Goal: bass and lead move against each other
Patch: - Base melodic CV → Input 1 - Output C normal → lead quantizer/VCO - Output C inverted → bass quantizer/VCO
Optionally add: - fixed offset to the bass side after quantization or before a second quantizer
Result: - when lead climbs, bass tends to fall - strong tension and motion - cinematic and very musical when restrained to a scale
When using Wonderland for melodic CV, remember it is fundamentally summing and routing voltages. If you are doing strict 1V/oct harmonic work, summed voltages should be tested by ear and tuner. It will still be highly useful, but exact interval behavior depends on the rest of your system and how carefully levels are set.

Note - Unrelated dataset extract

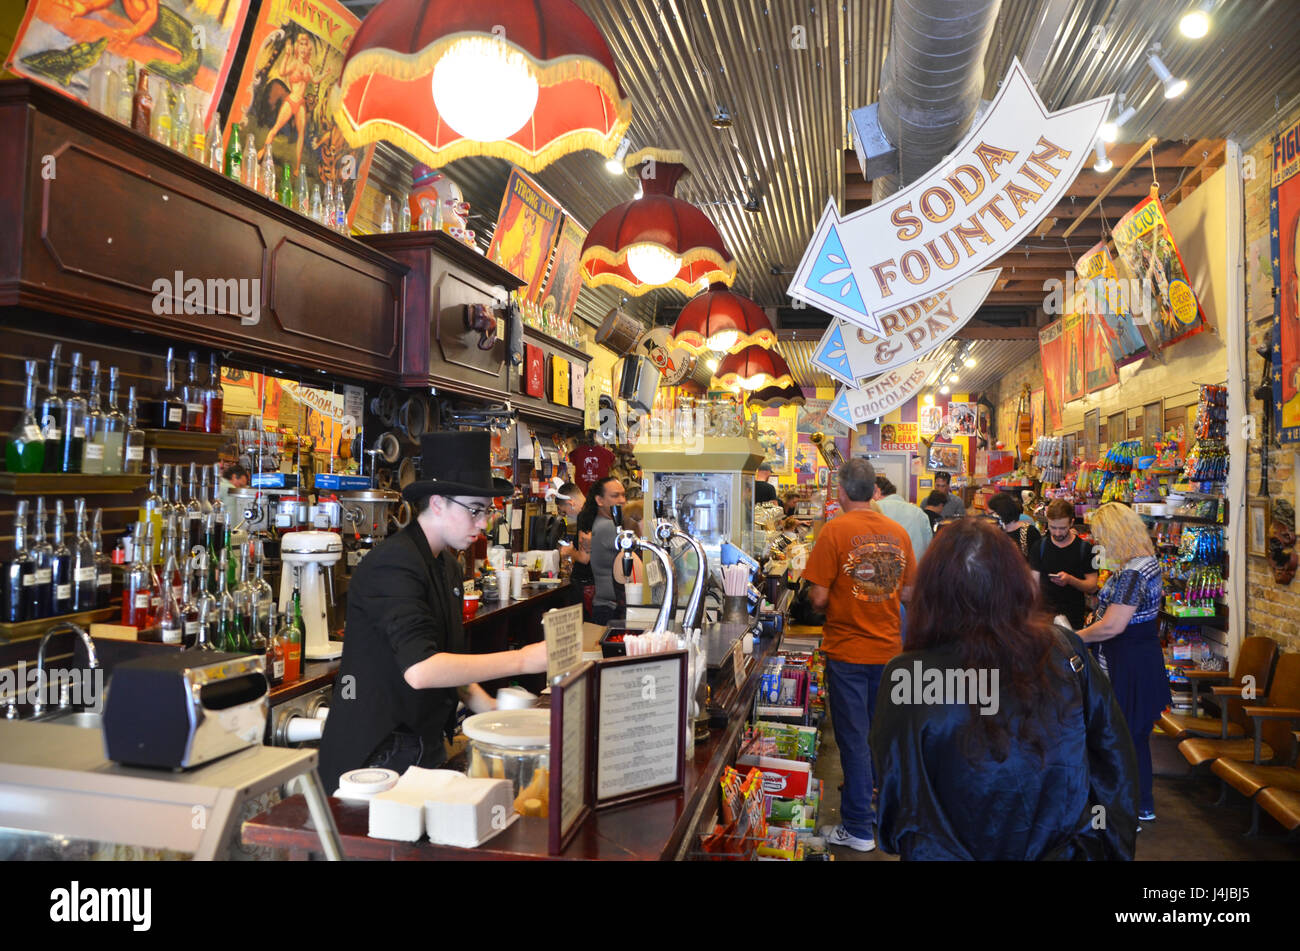 Interior of the Big Top Candy Shop on S Congress Avenue in Austin, Texas, selling traditional American sweets and candies Stock Photo

The micro-attenuators help prevent overblown pitch jumps when multiple CVs are combined. For melody, they let you decide whether an added source acts as: - a full transpose - a subtle inflection - a tiny ornament
Raw inverted pitch CV can be musically wild. Putting a quantizer after the inverted output often makes the result much more usable.
The manual notes that many inputs summed to one output can cause clipping. For audio this may be desirable; for melodic CV it may produce unexpected note ranges or flattened behavior. Use the trimmers to tame this.
Wonderland becomes especially strong when paired with:
Wonderland is not a melody generator by itself, but it is a very powerful melodic infrastructure module.
Used creatively, it can: - distribute one melody across several voices - combine several CV sources into evolving note lines - create mirrored or contrary-motion melodies via inversion - generate harmonized layers from a single sequence - act as a live-performance matrix for rearranging melodic relationships on the fly
If your system already includes sequencers, quantizers, offsets, and oscillators, Wonderland can become the central place where those ingredients are recombined into riffs, harmonies, counter-melodies, and generative pitch structures.